### WHAT THE TASK ASKS
Would you please transcribe the data in full and exactly, excluding images?

### GIVEN MATERIAL
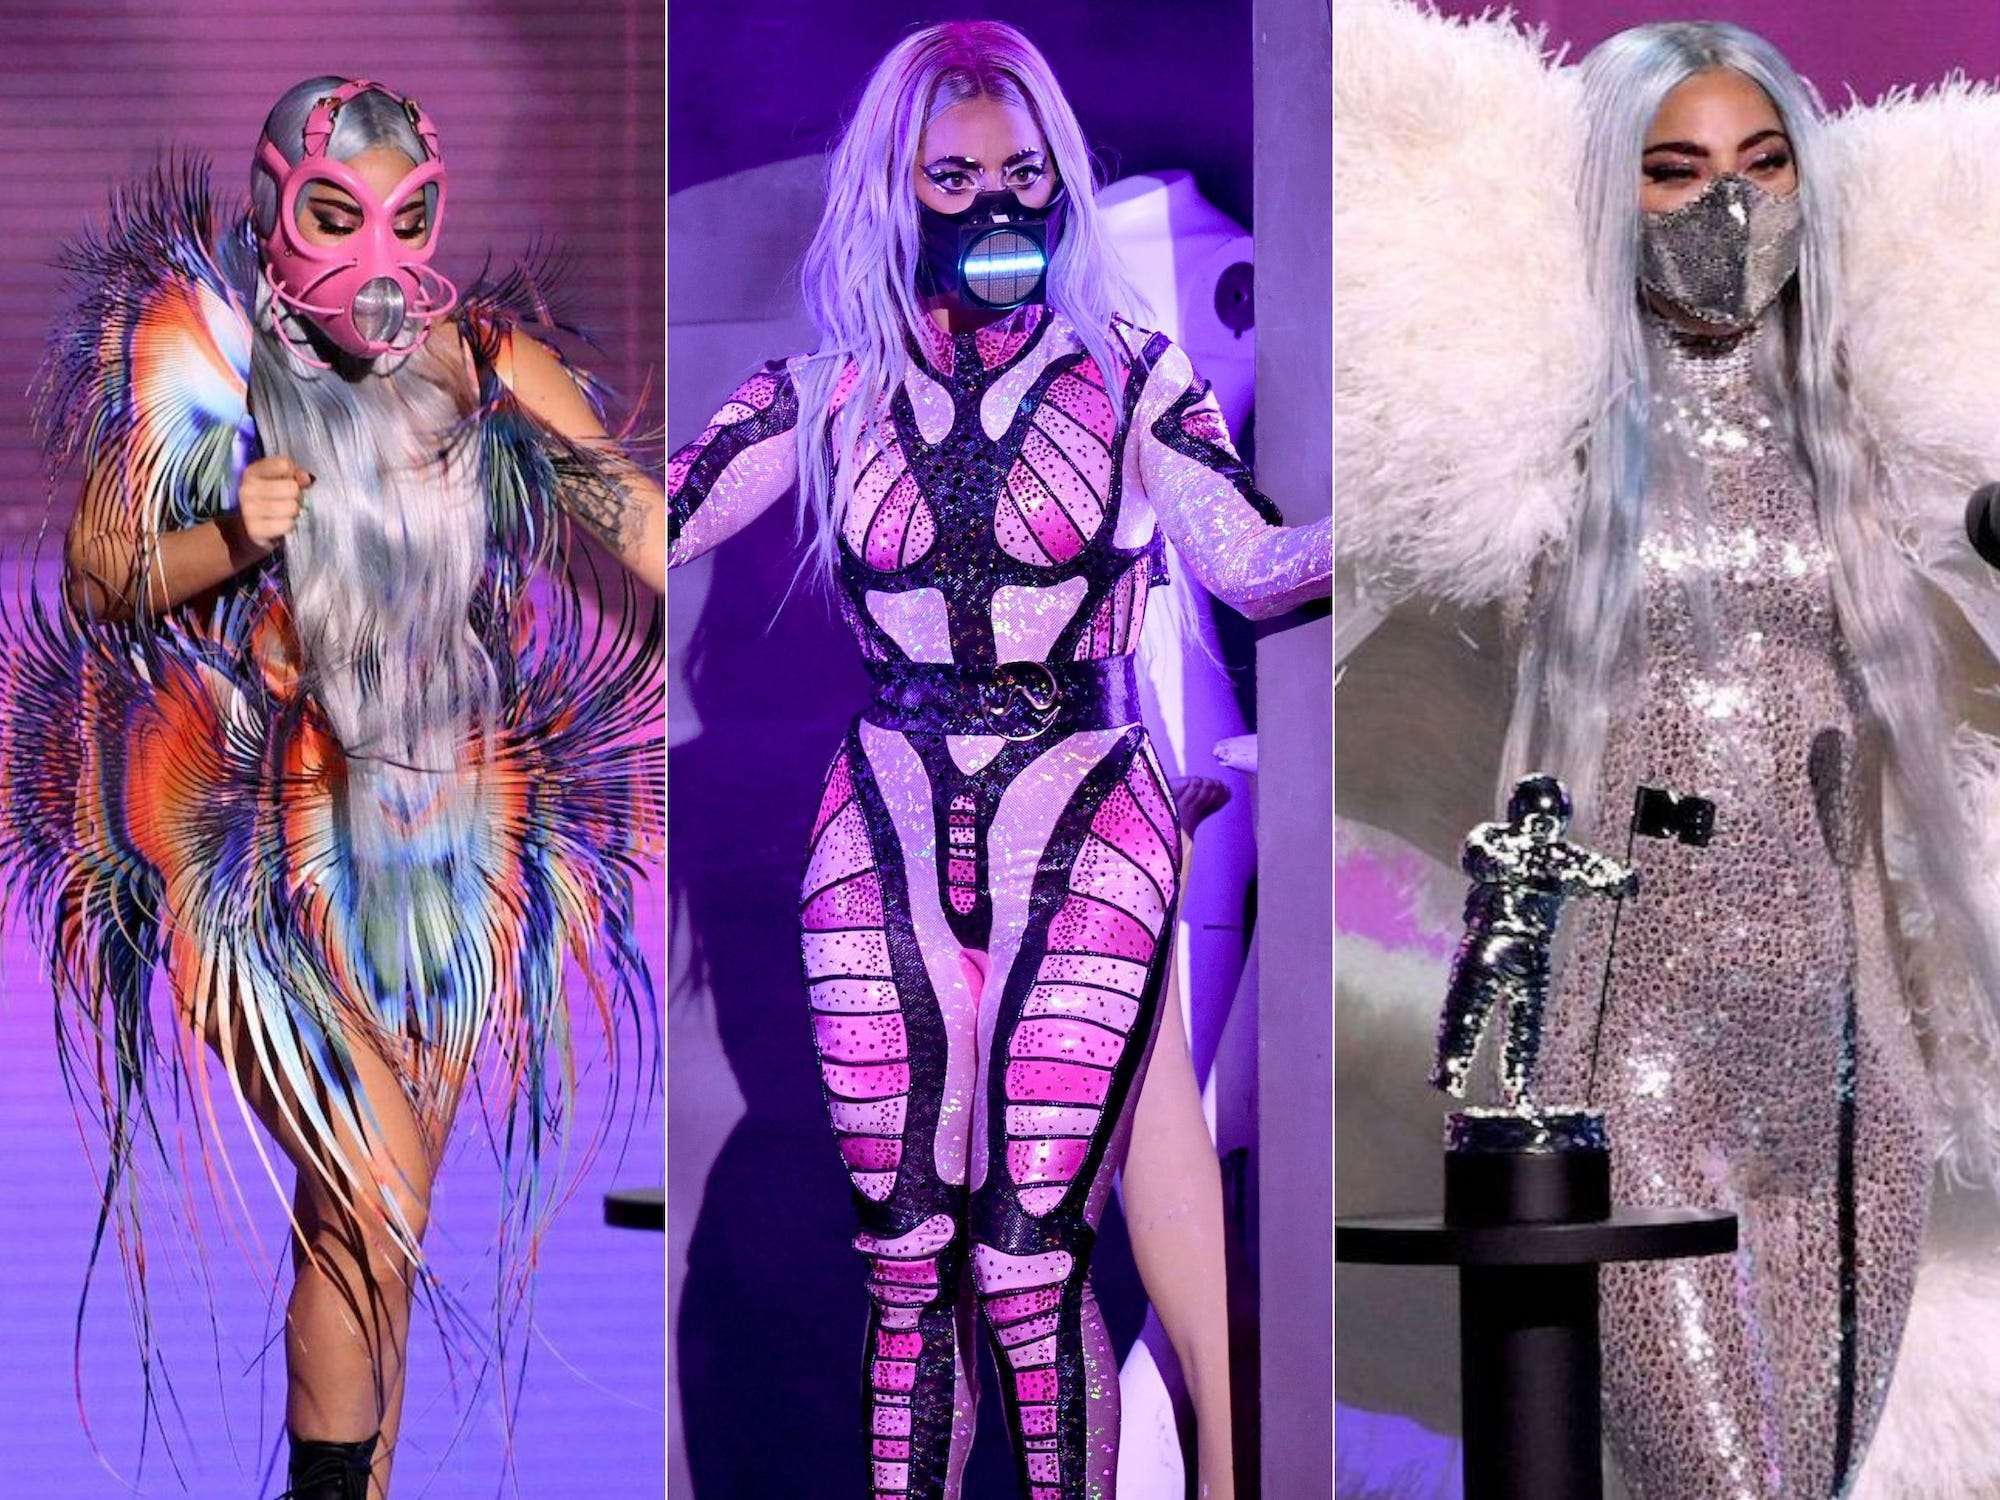 3 images of Lady Gaga at her VMA performance
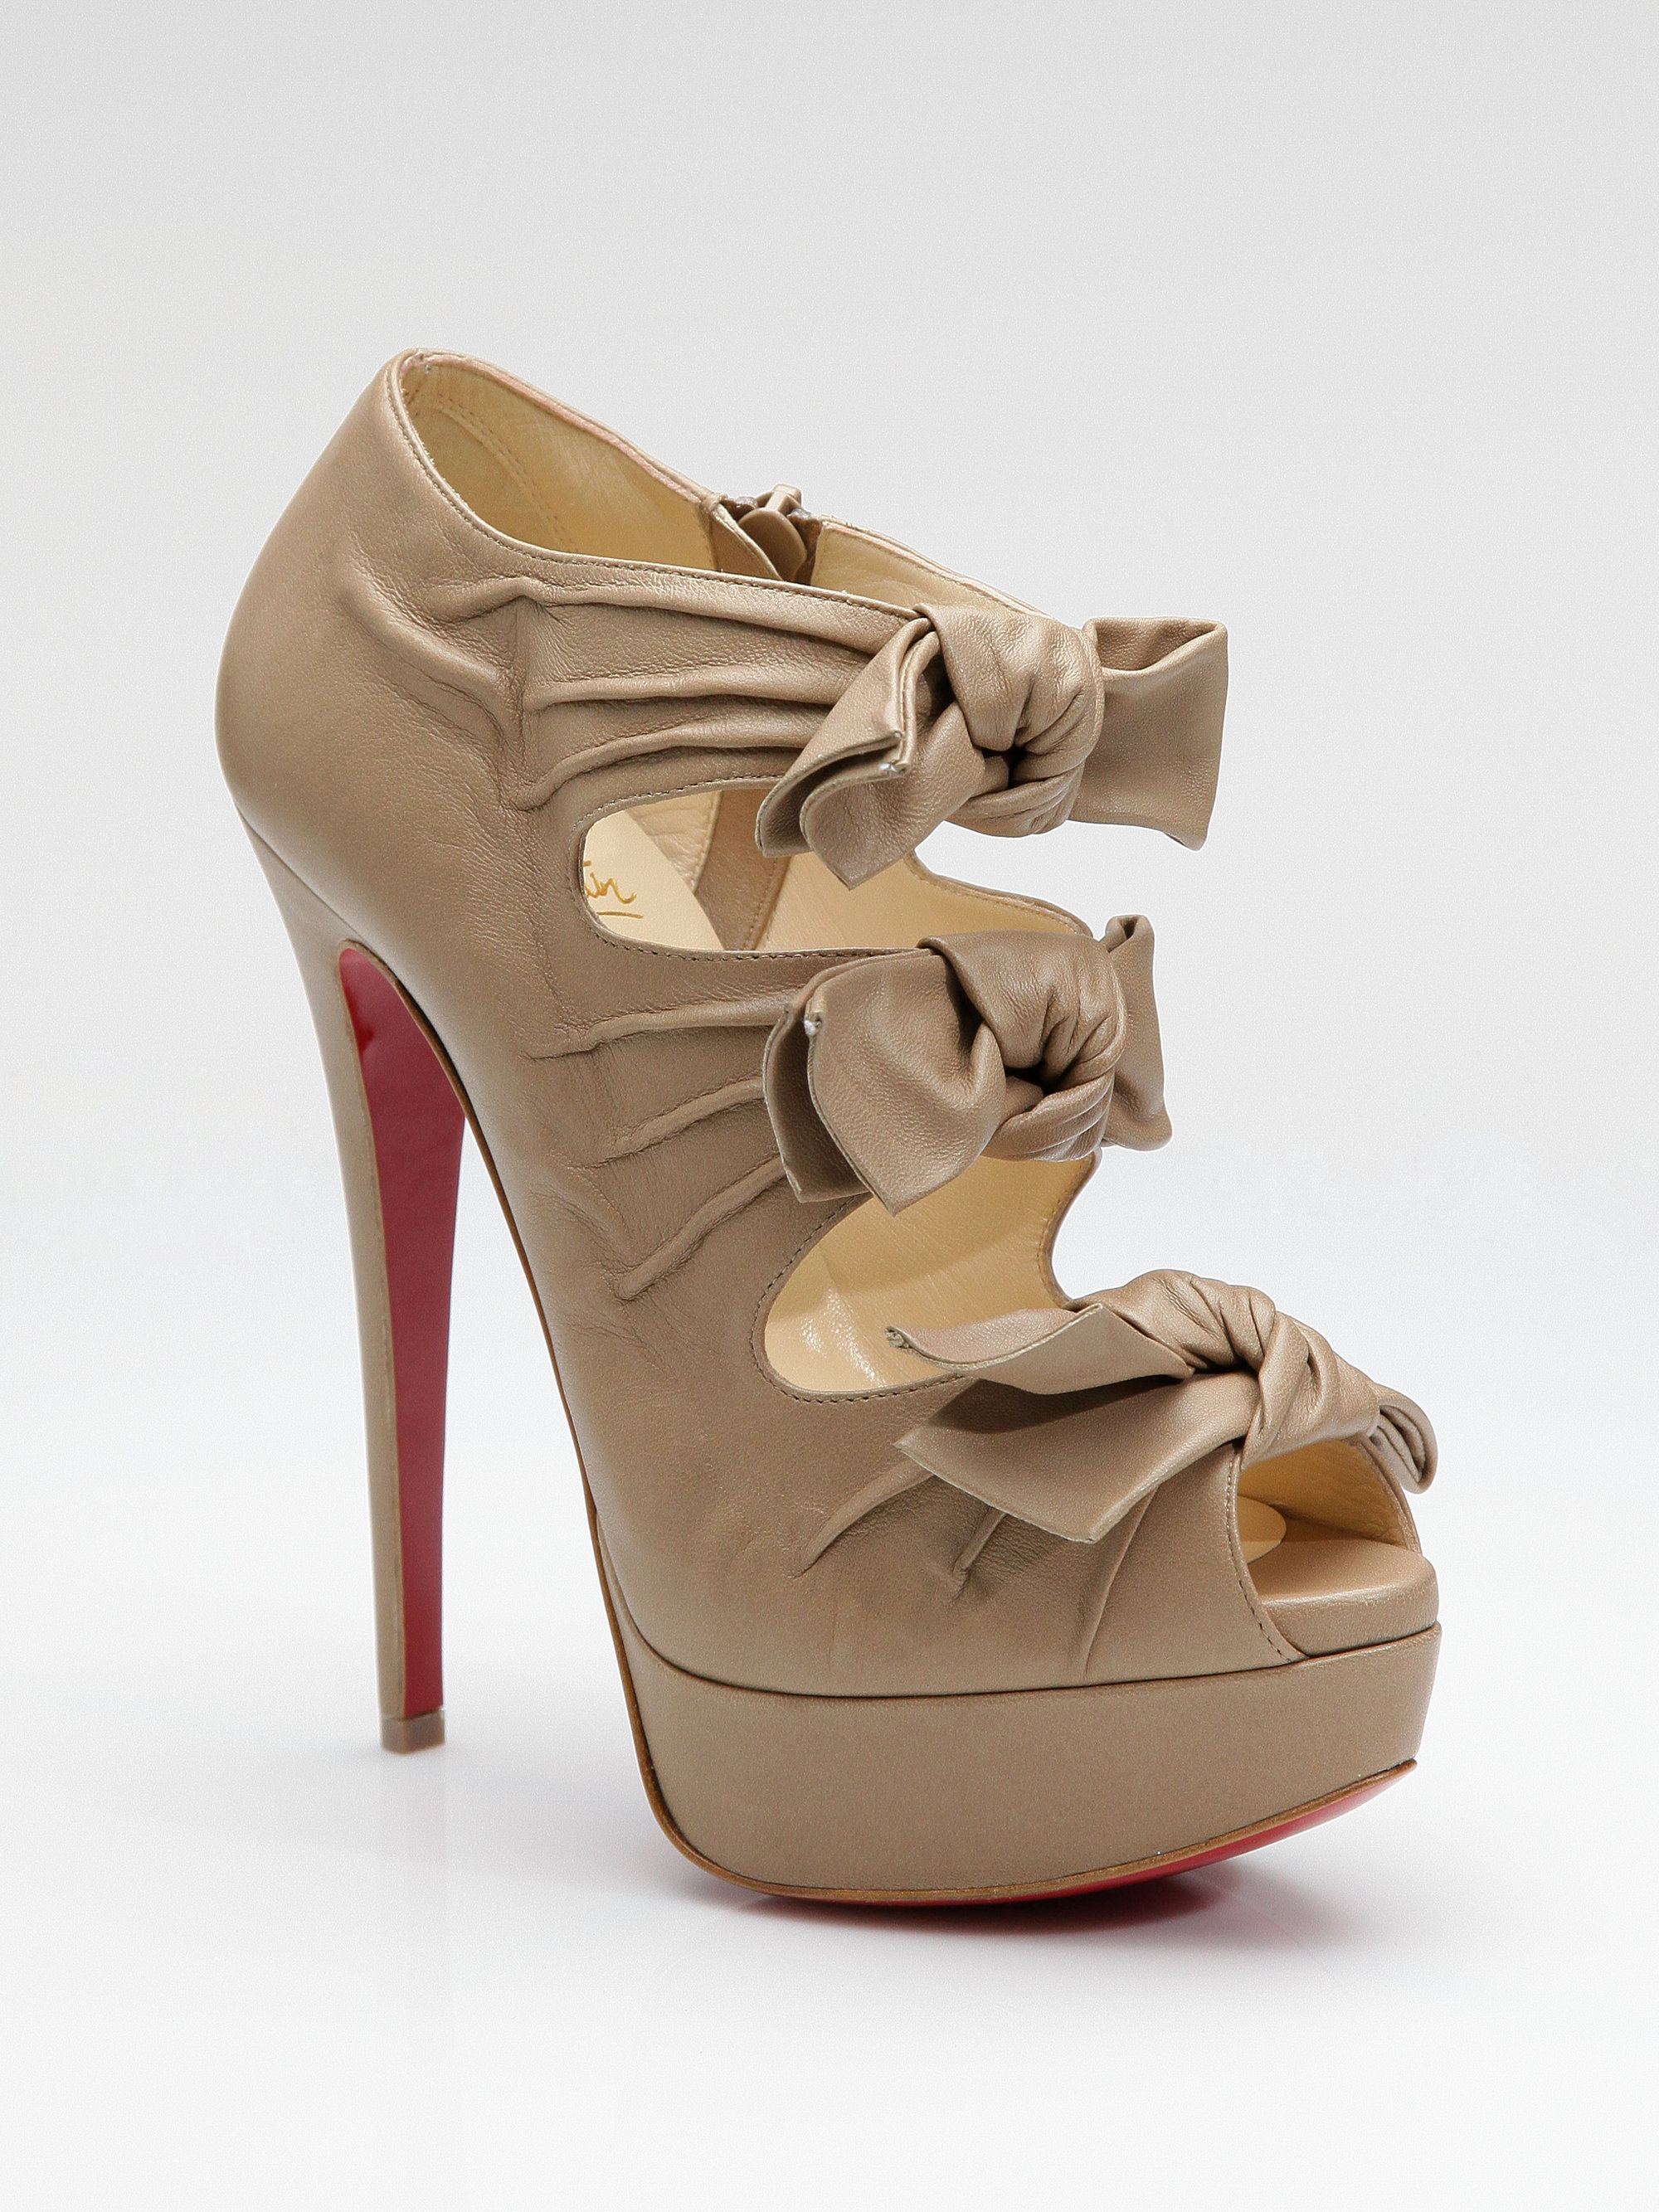 Christian Louboutin Madame Butterfly Platform Pumps in Beige (Natural) -  Lyst
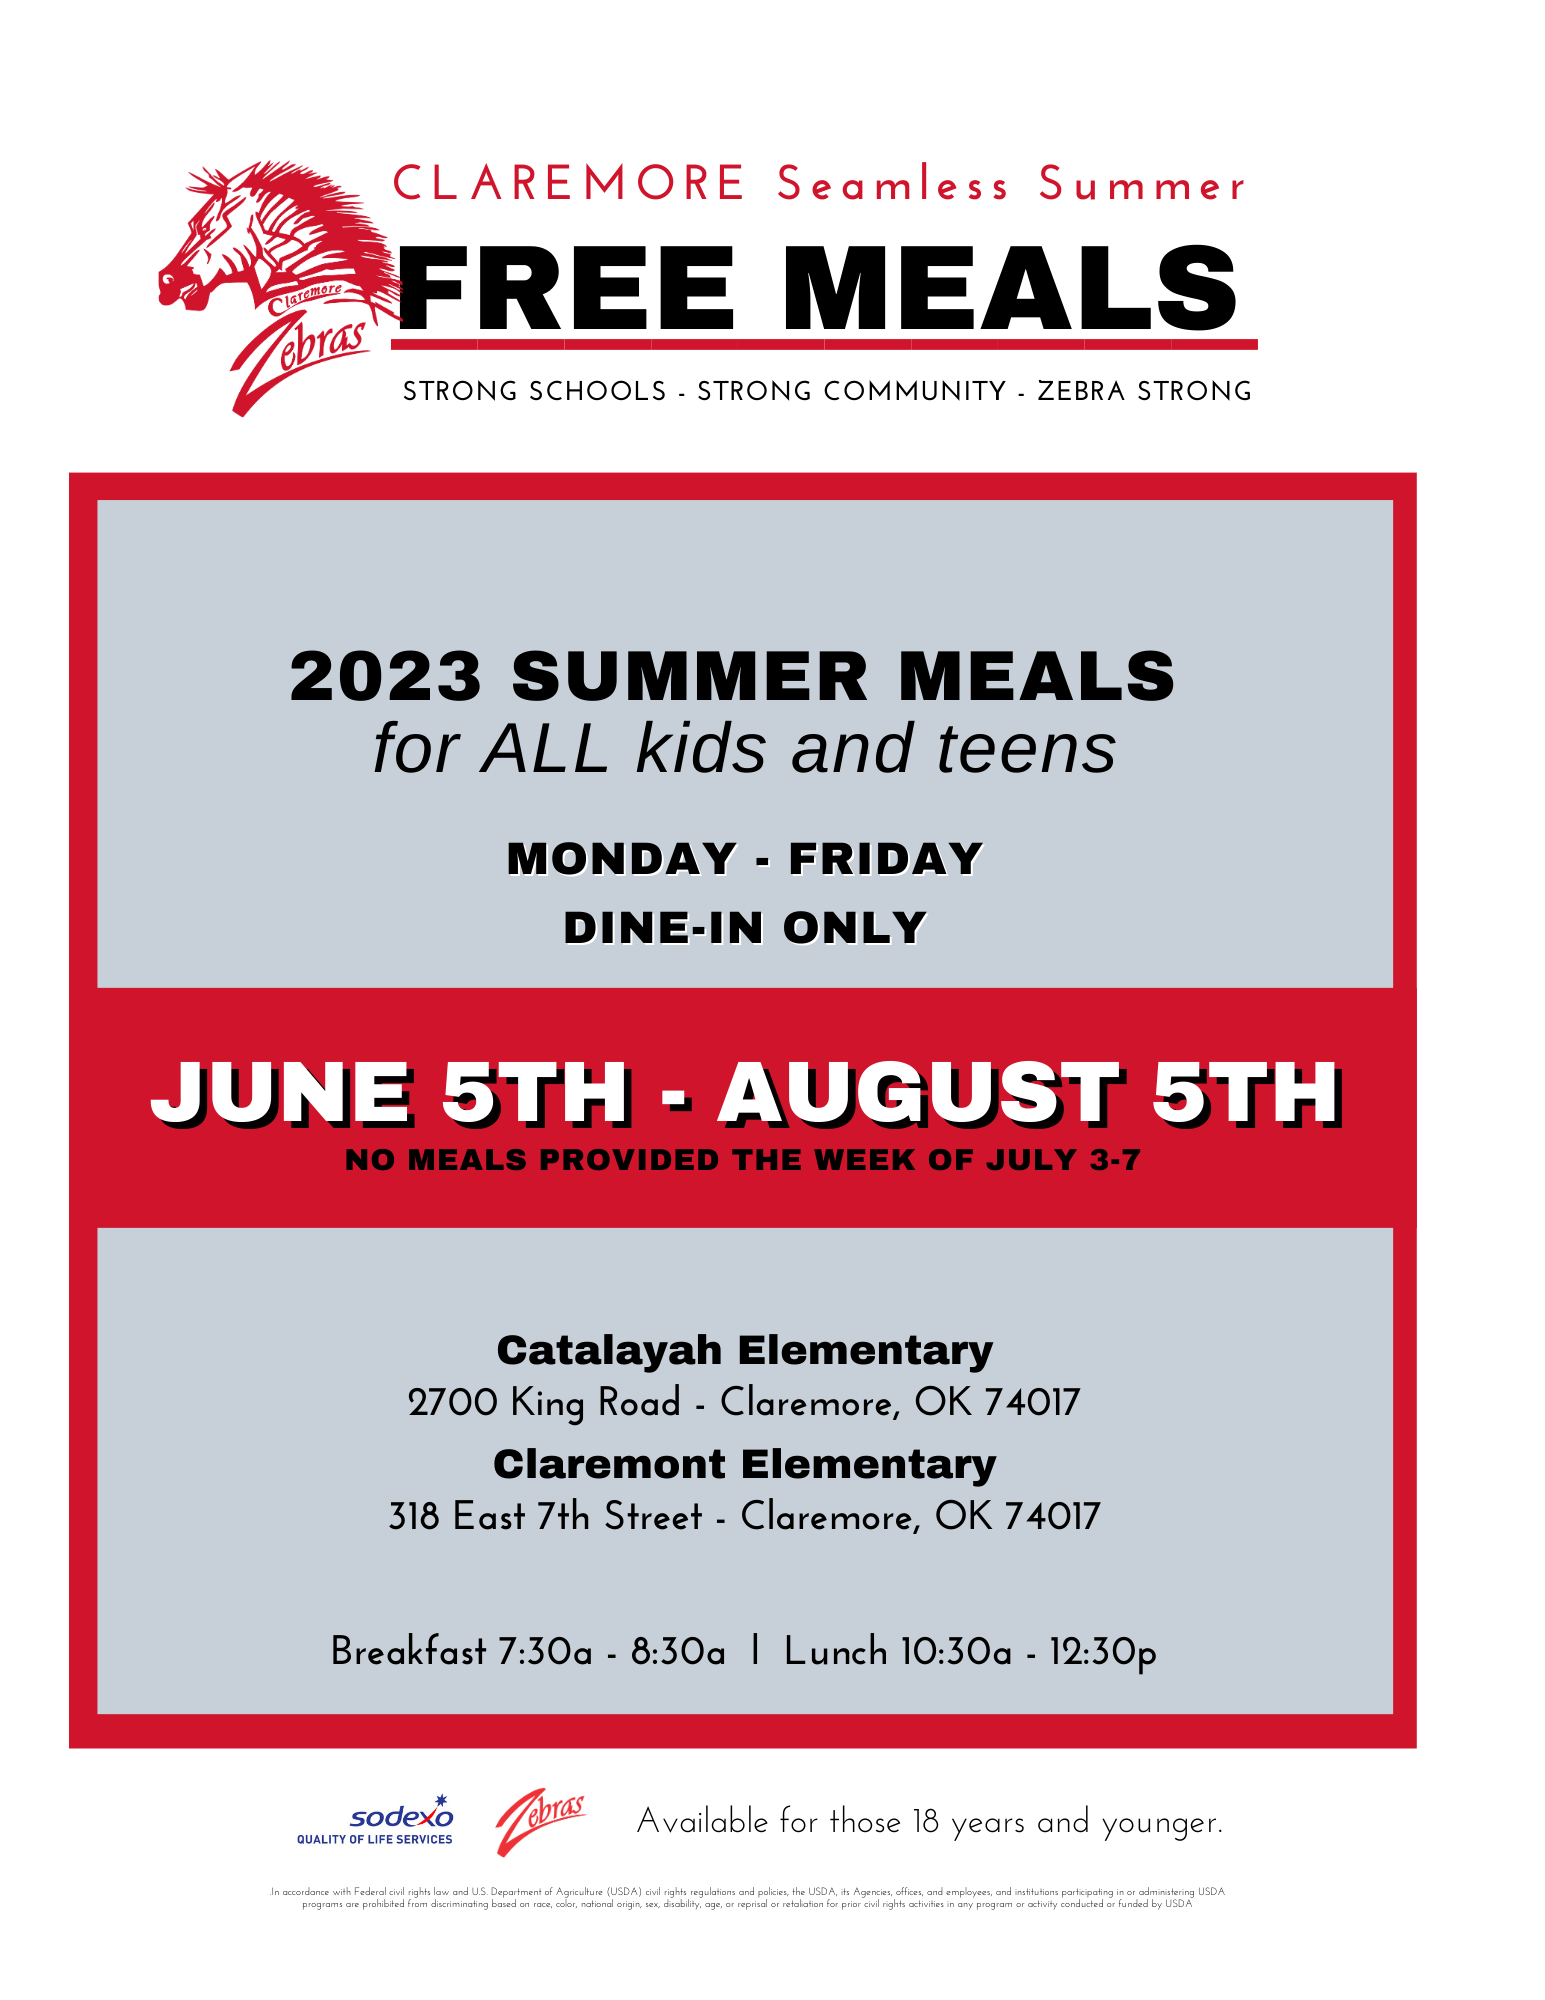 Free Summer Meals - information in right column

### EXERCISE RESULT
 3 images of Lady Gaga at her VMA performance
 Christian Louboutin Madame Butterfly Platform Pumps in Beige (Natural) -  Lyst
 Free Summer Meals - information in right column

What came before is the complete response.